The urologist at SM-Clinic spoke about polycystic kidney disease in adults

Polycystic kidney disease is a genetic pathology characterized by the degeneration of the renal parenchyma (functional filling of the organ) into cystic formations. With polycystic disease, instead of healthy functioning kidney tubules, blisters filled with fluid form. Due to the growth of cysts, the kidney gradually loses its ability to filter.

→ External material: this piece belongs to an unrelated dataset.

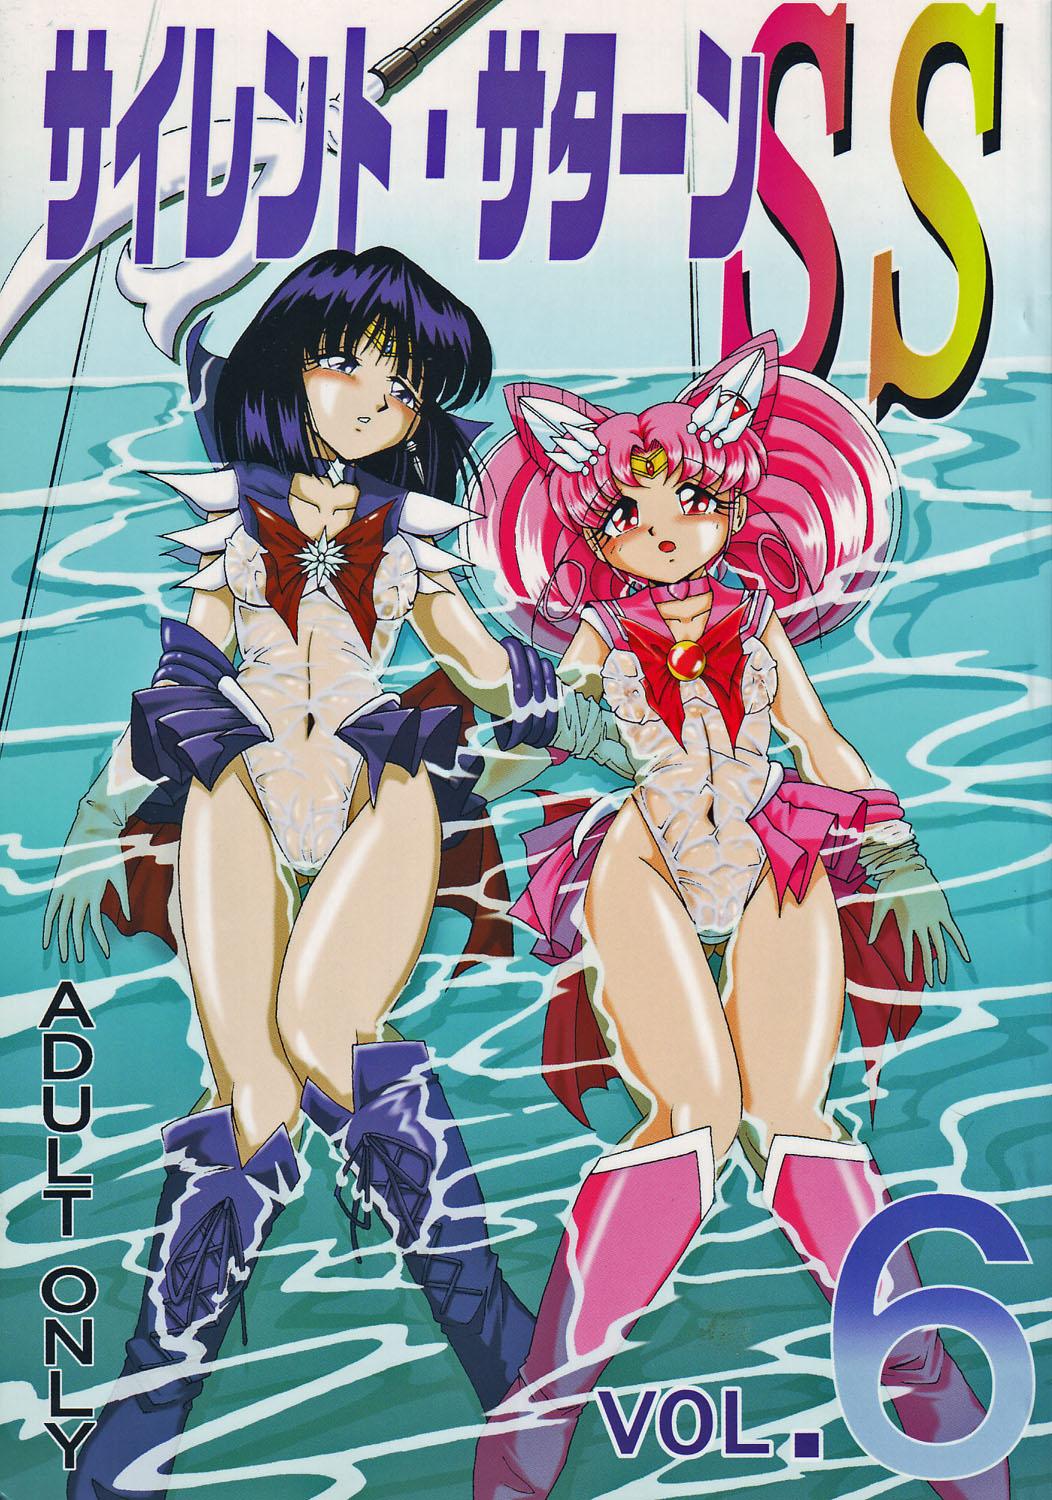 Coeds Silent Saturn SS vol. 6 - Sailor moon Porn - Page 1
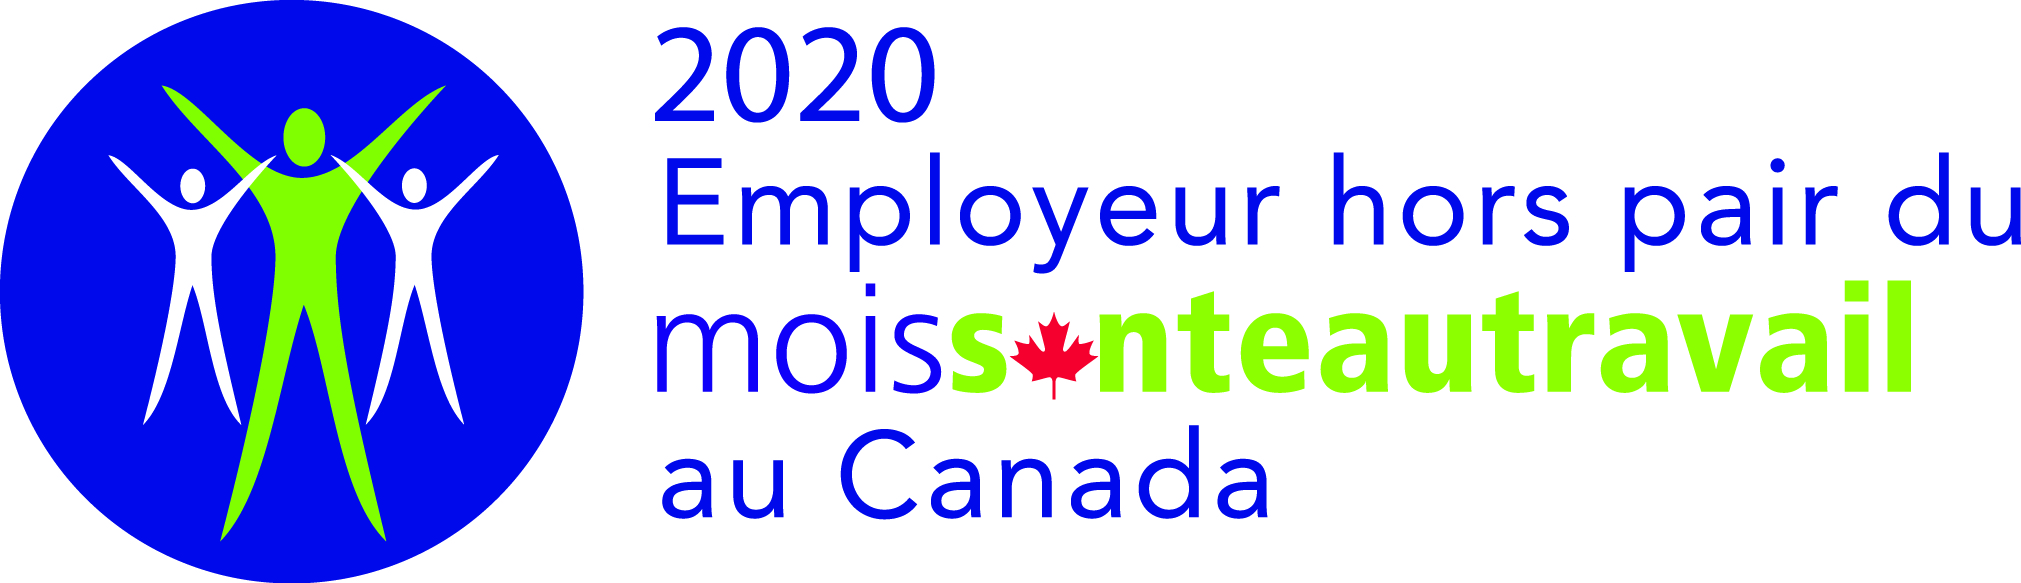 Great Employer logo_2020_FR.jpg

The kidney is an organ that filters the blood and removes toxins. Losing functionality, it cannot ensure the removal of toxic substances, which leads to serious pathological changes in the body, gradually leading to death. Therefore, polycystic disease requires competent and effective treatment, which only a modern clinic can provide.

For the diagnosis and treatment of polycystic kidney disease, we invite you to the Diana private clinic. You can make an appointment with a urologist at any time convenient for you.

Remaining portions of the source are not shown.